Hindrances to Delegation

Hindrances to Delegation:

The successful operation of any organization depends to a very large extent upon a sound system of delegation. That is why delegation is very important for all organizations. Still superior officers at times hesitate to delegate authority. They often try to get more and more authority but are not willing to delegate authority. In fact, delegation faces several hindrances, psychological as well as organizational.

For the sake of convenience, we can group these hindrances into two parts i.e. organizational hindrances and personal or psychological hindrances.

Organizational Hindrances:

(1) Lack of established methods and procedures. Delegation is made easier if procedures and rules are well established. Also for making delegation successful, definite procedures should be laid down and followed. Lack of established and definite methods and procedures always hinders the process of delegation.

(2) Lack of means of coordination and communication. Coordination is an important principle of an organization. Without coordination, no organization can work. But coordination requires clear and timely communication. Without proper communication, there can be no real and meaningful coordination, and without coordination, there can be little effective delegation. 

(3) Unstable and changing nature of work. Stable and repetitive work affords a great degree of delegation. However, if the work is new or fast developing or non-repetitive and unstable, delegation gets hindered. The subordinate can shirk a new type of work while his superior can try to compel him to do the work through delegation.

(4) Size and location of an organization. The larger the organization and the broader its geographic coverage, the greater the chances of delegation. However, the large size can cause the problem of effective relegation and proper monitoring of the delegated work and responsibility. 
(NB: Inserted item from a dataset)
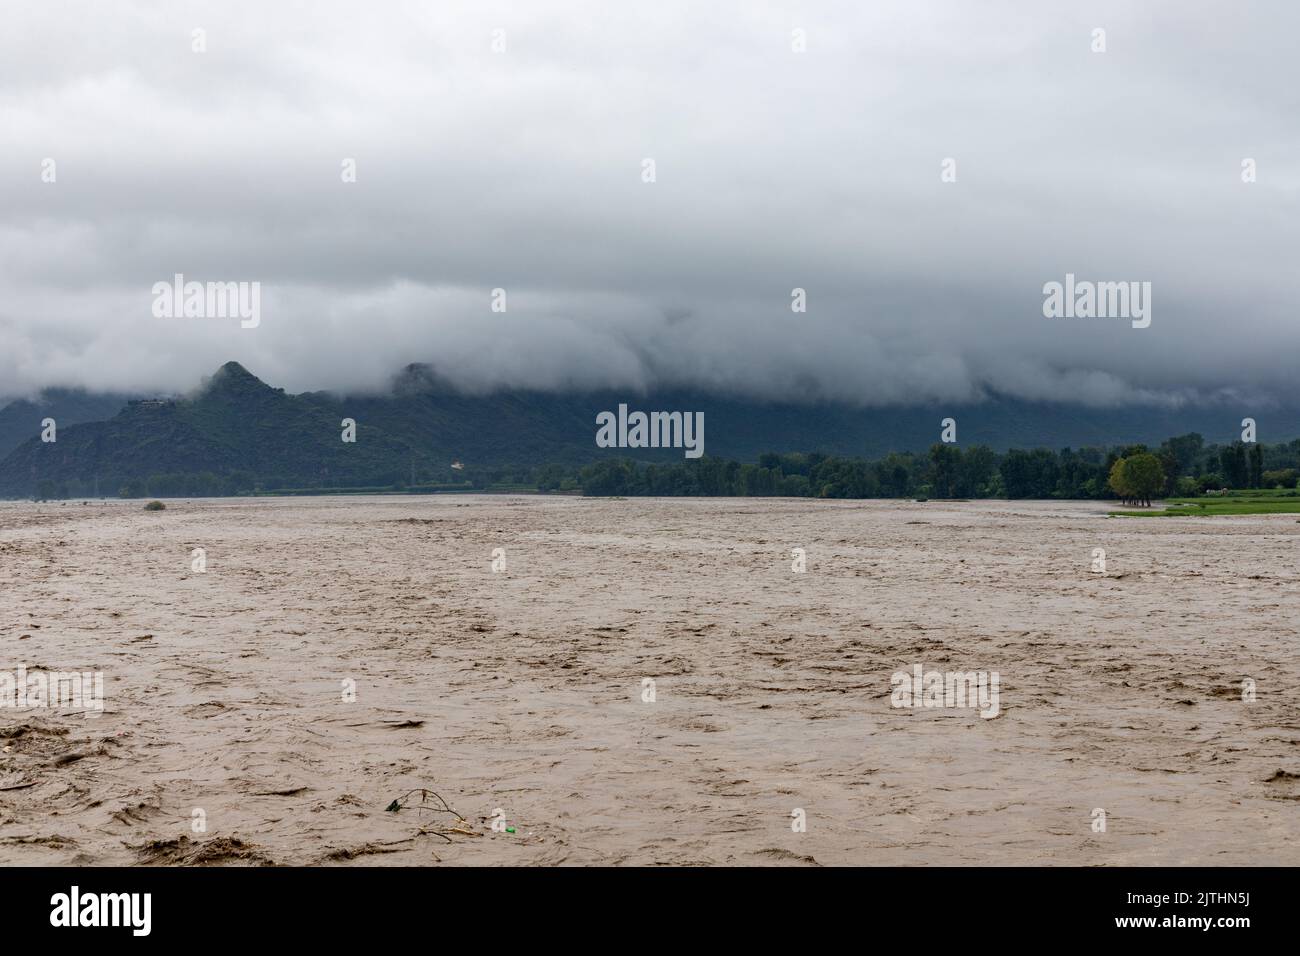 Heavy flood in the valley wash away crops and fields nearby the river bank Stock Photo

(5) Lack of spelled-out positions. Lack of properly spelled-out positions and unspecific terms of delegation of duties and authority also poses a hindrance in the way of the process of delegation.

Personal or Psychological Hindrances:

Several personal or psychological factors also cause hindrances in the way of delegation. These include the egoistic tendency of the superior to have credit for everything, fear or disloyalty on the part of the subordinates, lack of confidence in the capacity and competence of the subordinates, absence of emotional maturity in the chief, lack of knowledge of what to delegate and how to delegate, and fear of accountability to the higher levels or to the legislature. Pfiffner gives the following human causes of hindrances in the way of delegation of authority by superiors:

(1) Persons who rise to positions of hierarchical leadership have more than normal egoism.

(2) Superiors are afraid that subordinates or others will not make proper decisions or carry them out in the desired manner.

(3) They fear that disloyal or subversive power centers will develop among strong subordinates.

(4) Strong, vigorous, and highly motivated persons become impatient with the slow pace and indecisiveness of their subordinates.

(5) In Public Administration, political considerations often make delegation difficult.

(6) The cultural heritage of humans has been one of authoritarian and patriarchal headships. The practice of delegation is partly dependent on cultural change, which comes but slowly.

(7) The act of delegation requires emotional maturity which apparently is rare even among successful persons.

(8) The symbols of leadership (those personal qualities and traits which attract the attention of others) are inconsistent with the philosophy of delegation. Those striving to succeed must make themselves prominent, and hence they naturally resist delegation.

(10) At times, those who desire to delegate do not know how to do it.

(11) They do not know how far they should delegate, at least for two reasons:

  • The science of organization and management is immature and also inadequate.
  • Their work experience has not taught them to delegate because most organizations fail to practice delegation.

In addition to these, the non-acceptance of delegation on the part of the subordinates can also be a problem. The reason behind this can be the:

  • fear of criticism.
  • lack of the needed information and resources to do a good job.
  • lack of confidence to exercise delegated authority.
  • lack of initiative and drive.
  • work more in quantity than one’s capacity to work.

In spite of the above-listed hindrances, delegation is usually practiced in all organizations; rather it has to be practiced due to the increasing volume and complexity of work. Delegation is an important principle of organization. In contemporary times, no organization, particularly no large-scale organization, can work properly without delegation.